Project 01 / Robotics · Computer Vision

Real-Time Vision-Guided Robotic Arm

YOLOE Segmentation › WebSocket › Inverse Kinematics

YOLOE-11 ONNX OpenCV WebSocket Inverse Kinematics Raspberry Pi Edge Inference Fine-Tuning
Overview
01 / 04

A vision pipeline that streams object coordinates straight into an inverse-kinematics solver. I fine-tune YOLOE-11 segmentation models on custom classes by drawing bounding boxes or typing text prompts, then export the weights to ONNX so the same model runs on a Raspberry Pi or any USB camera setup.

The robot reads each detection as a JSON packet over WebSocket: pixel center, normalized (0–1) position, and detection confidence. I tested the pipeline on multi-class coin recognition (Mexican pesos, Columbia dining tokens, US dollars) and on building and logo identification.

Demo
02 / 04
Live YOLOE segmentation streaming into IK targeting
Detection Examples
03 / 04
Columbia and WashU magnet recognition
Magnet recognition · Columbia · WashU
Coin recognition: Columbia dining token, Mexican 20-peso coin, 1 dollar coin
Multi-class coins · dining token · 20 pesos · 1 USD
How It Works
04 / 04

Training starts in the Ultralytics YOLOE-11L-Seg notebook. I label a custom class by drawing a few bounding boxes or by passing a short text prompt, fine-tune for a handful of epochs, and export the weights to ONNX at 640 px. The same file then runs on a desktop GPU or an ARM CPU with no code changes.
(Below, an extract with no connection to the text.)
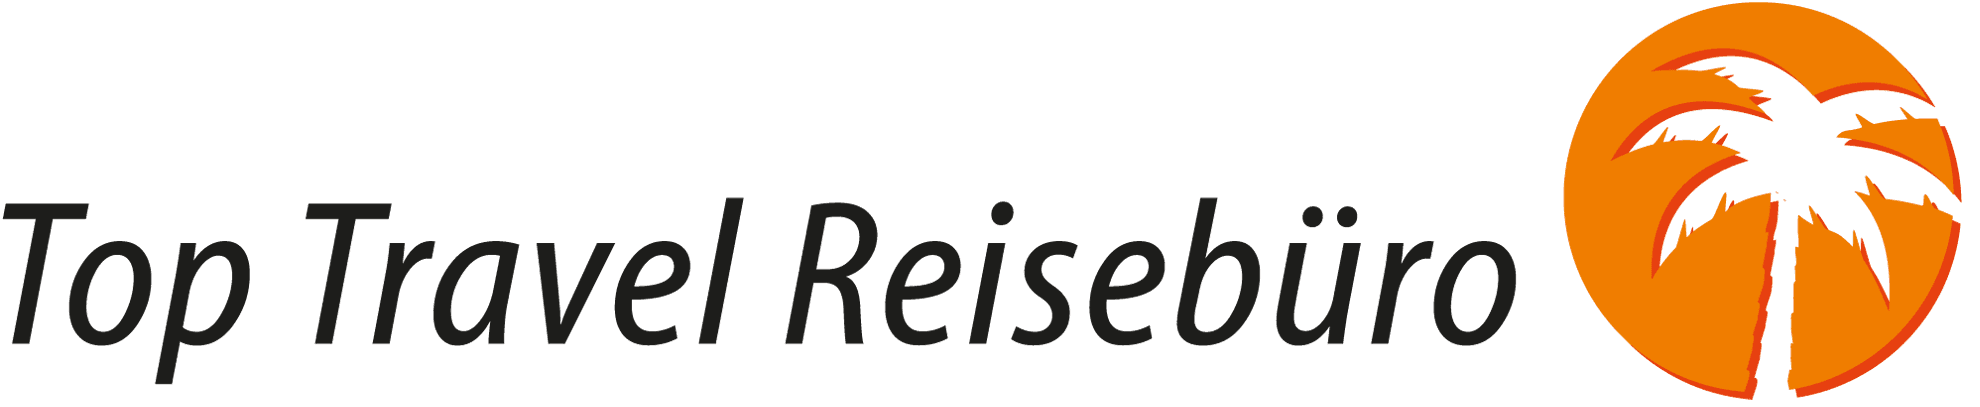 Top Travel Reisebüro GmbH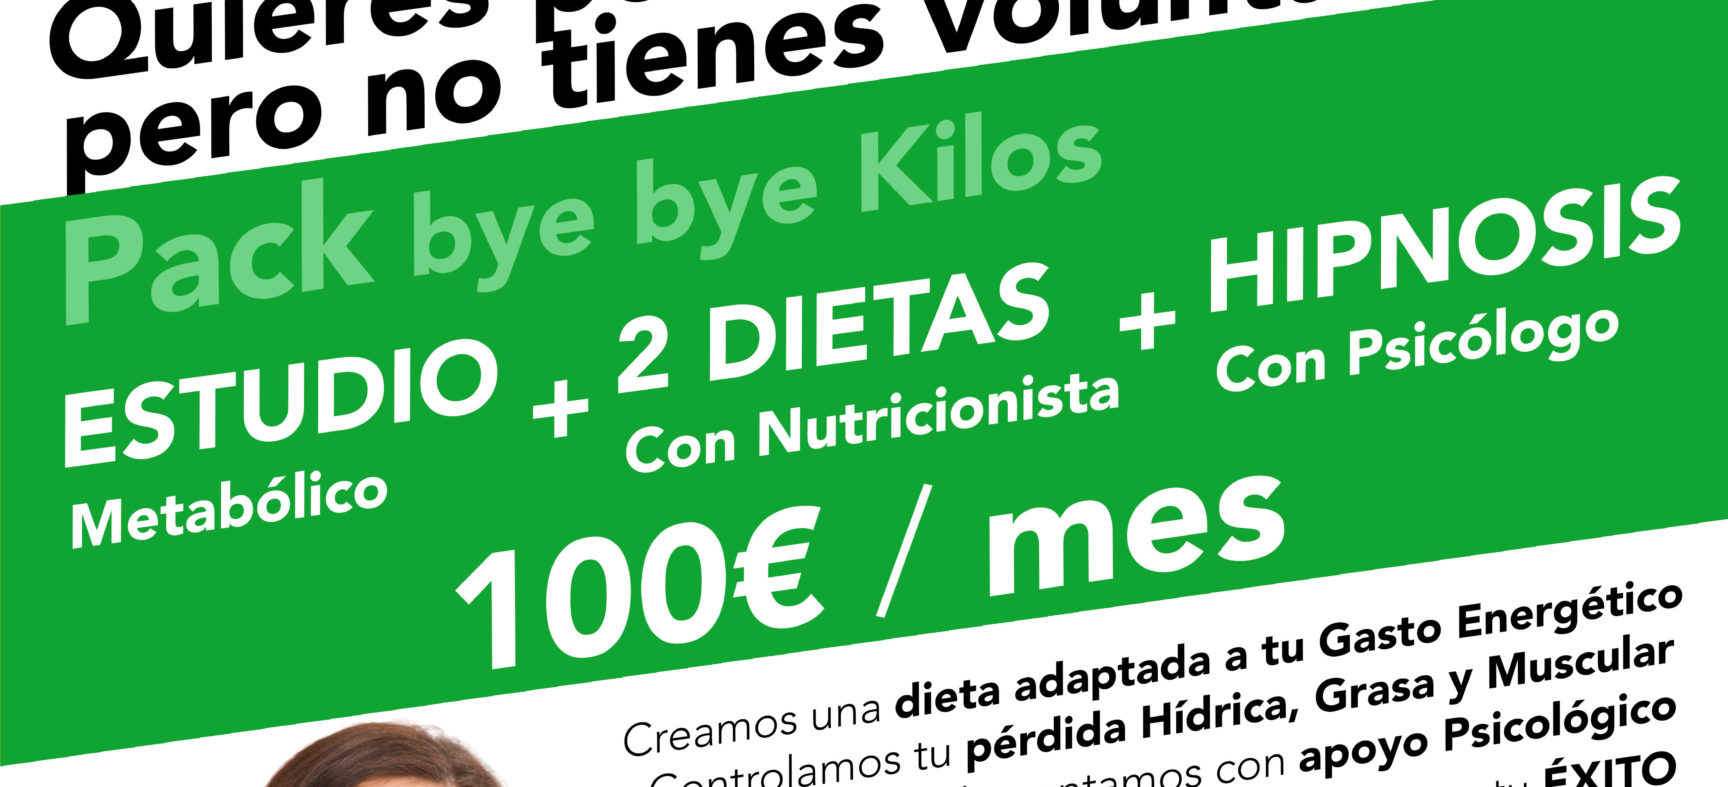 HIPNOSIS CLÍNICA CON PSICÓLOGO + CONSULTA DIETÉTICA + PRESOTERAPIA

At runtime, OpenCV pulls frames (Picamera2 on the Pi, plain USB camera elsewhere) and the Ultralytics ONNX runtime handles inference at a 0.2 confidence threshold. Each detection becomes a JSON packet on WebSocket port 8765: pixel center, normalized (0–1) position, and confidence. A small browser dashboard subscribes to the same socket to show what the model sees. The robot consumes the normalized stream and feeds it into a continuous IK control loop, so the controller never depends on camera resolution.

2–4×
Faster Than PyTorch on ARM
10Hz
Real-Time Control Loop
3
Object Classes Detected Per Pass